Hart suggested the U.S. should follow the lead of Portugal, which has effectively decriminalized all drugs, allowing users to face non-criminal administrative proceedings when they are caught rather than criminal charges. "It provides less of a taxing on our criminal justice resources, and allows young people to make mistakes without having a criminal record that follows them for the rest of their lives," said Hart.
Another Big Think interviewee, former High Times magazine editor John Buffalo Mailer, told us today that he would be surprised to see the legalization efforts go through: "Given the environmental and economic benefits of hemp, not to mention the medicinal and economic value of marijuana, it seems insane to me that we still have the draconian laws in place we do for marijuana possession anywhere in this country," Mailer said. "That is until you take into account the several large industries who benefit from marijuana's illegal status, namely the oil, cotton, tobacco, alcohol, and prison industries. If we were to legalize the plant, they would all take a hit. Combined, that is a tremendous amount of lobbying power. So, I would be surprised if we see legalization any time soon."
France's lower house of Parliament voted yesterday to ban the wearing of veils that cover the face in public places. Aimed at the burqas worn by Muslim women, the legislation stipulates that anyone wearing a full facial veil will be fined $190—and anyone who forces a woman to wear such a veil could have to pay $38,000 and spend as much as a year in jail.
Joan Wallach Scott, a historian and social scientist at the Institute for Advanced Study (and the author of the book "Politics of the Veil") told Big Think that the end result of this ban will be "further isolation of those Muslims who want some recognition for their religious practices in France." She said that the ban will also convince many other Muslims that there is a deep-seated hostility to them in the French population, and will only "exacerbate tensions, increase discrimination, and convince even those who seek integration into the countries in which they live and work—and are often citizens—that the deck is stacked against them."

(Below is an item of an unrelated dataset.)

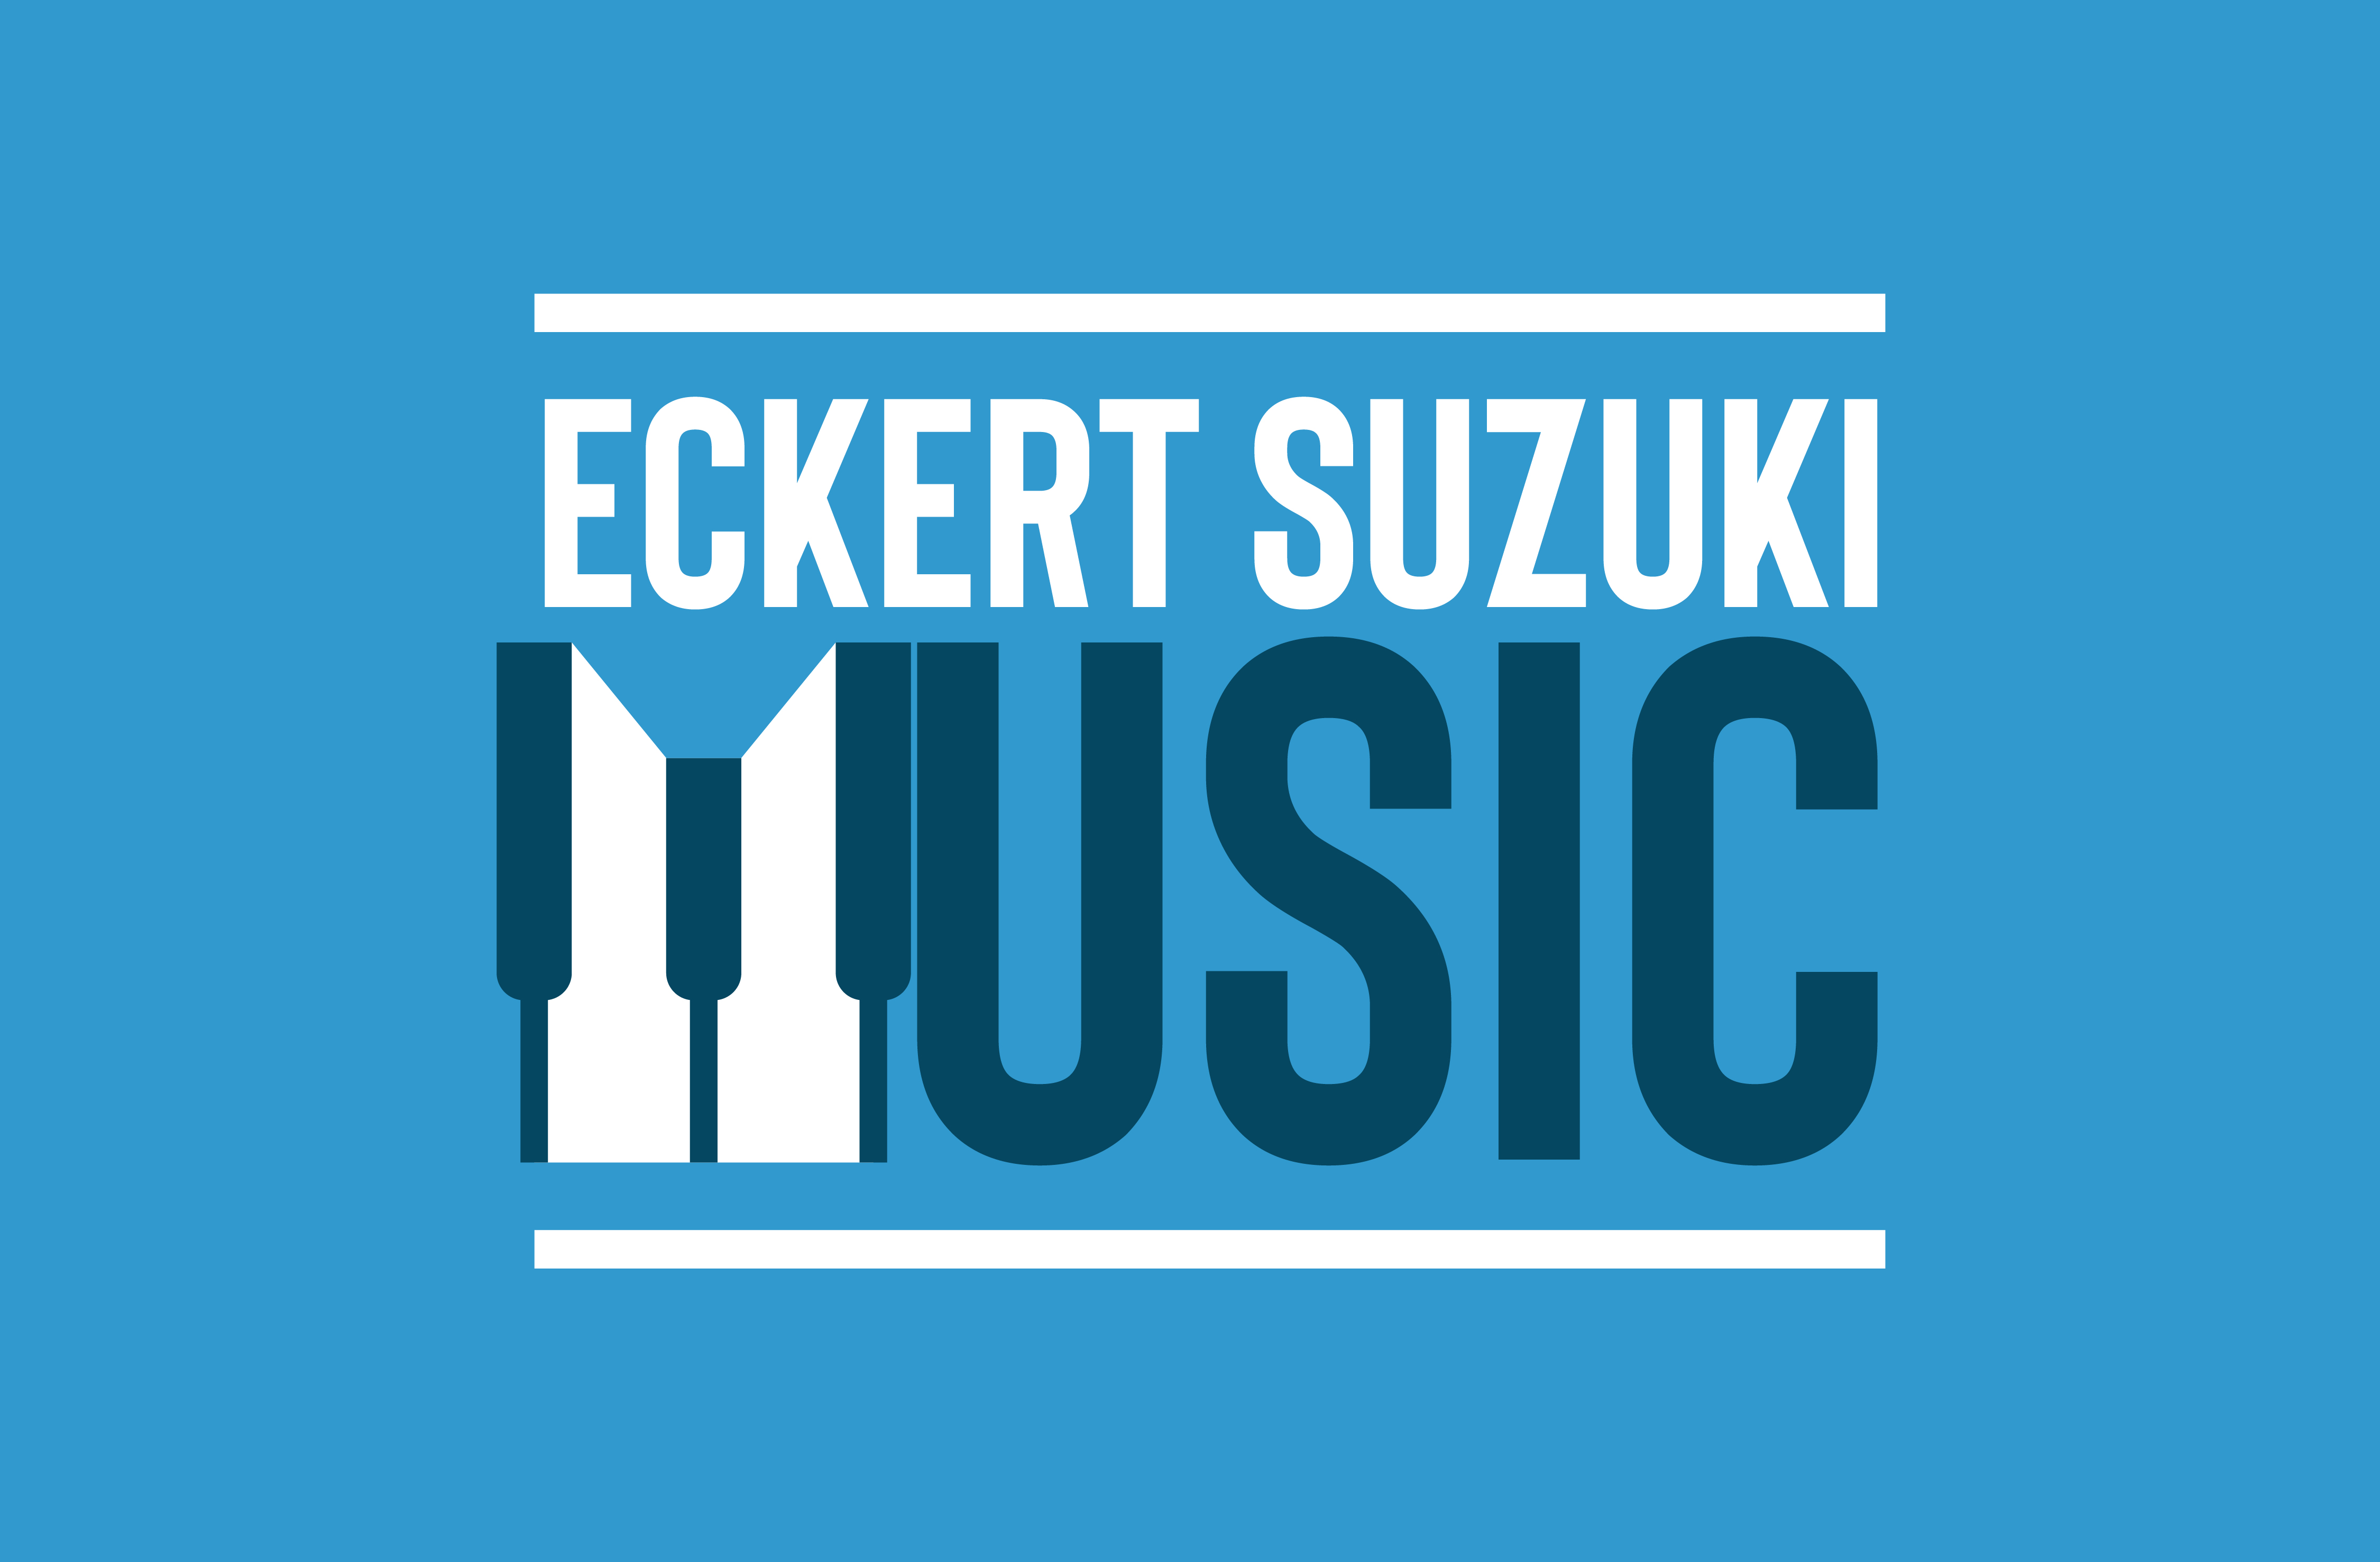 Eckert Suzuki Music

While there may not be protests immediately, Scott says that the measures are sure to "intensify the sense of discrimination these populations feel, not only in France, but throughout Western Europe."

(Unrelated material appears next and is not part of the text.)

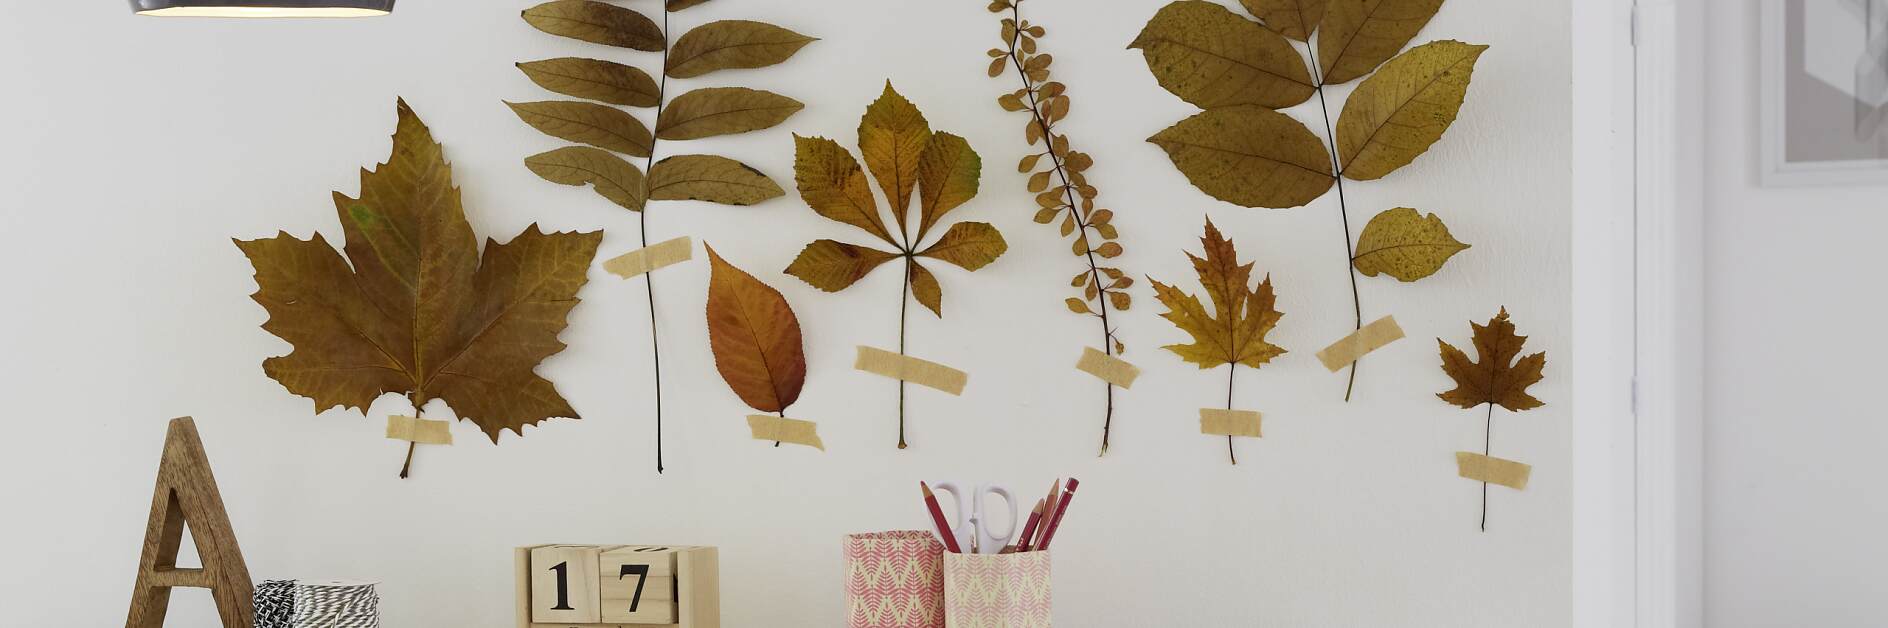 Efterårsblade på væggen – hvordan vi gør det

Scott rejects the arguments advanced by French politicians that women’s rights are being protected by the ban, and that the burqa is dangerous for national security. "French politicians have shown little interest in equality for women in general," she said, and noted that the law exempts face coverings "like ski masks and other such items which also can be used to conceal the identities of burglars and terrorists."
Essentially, Scott says, the ban is a form of racism. "There is a long history of discrimination against Muslim populations tied, in some countries like France, to histories of colonialism, and in others to 'guest worker' policies that looked upon these migrants as a source of cheap labor and ever expected to have to integrate them into the nation," she says. "Whether these countries can develop a more open accommodation, a greater tolerance for heterogeneity in their populations, is an open question."
It's no coincidence that that legislation was passed on the eve of Bastille Day, says Scott. The law is "a way of insisting on a singular version of national identity that necessarily excludes those whose beliefs and customs are 'different' from those of the dominant culture."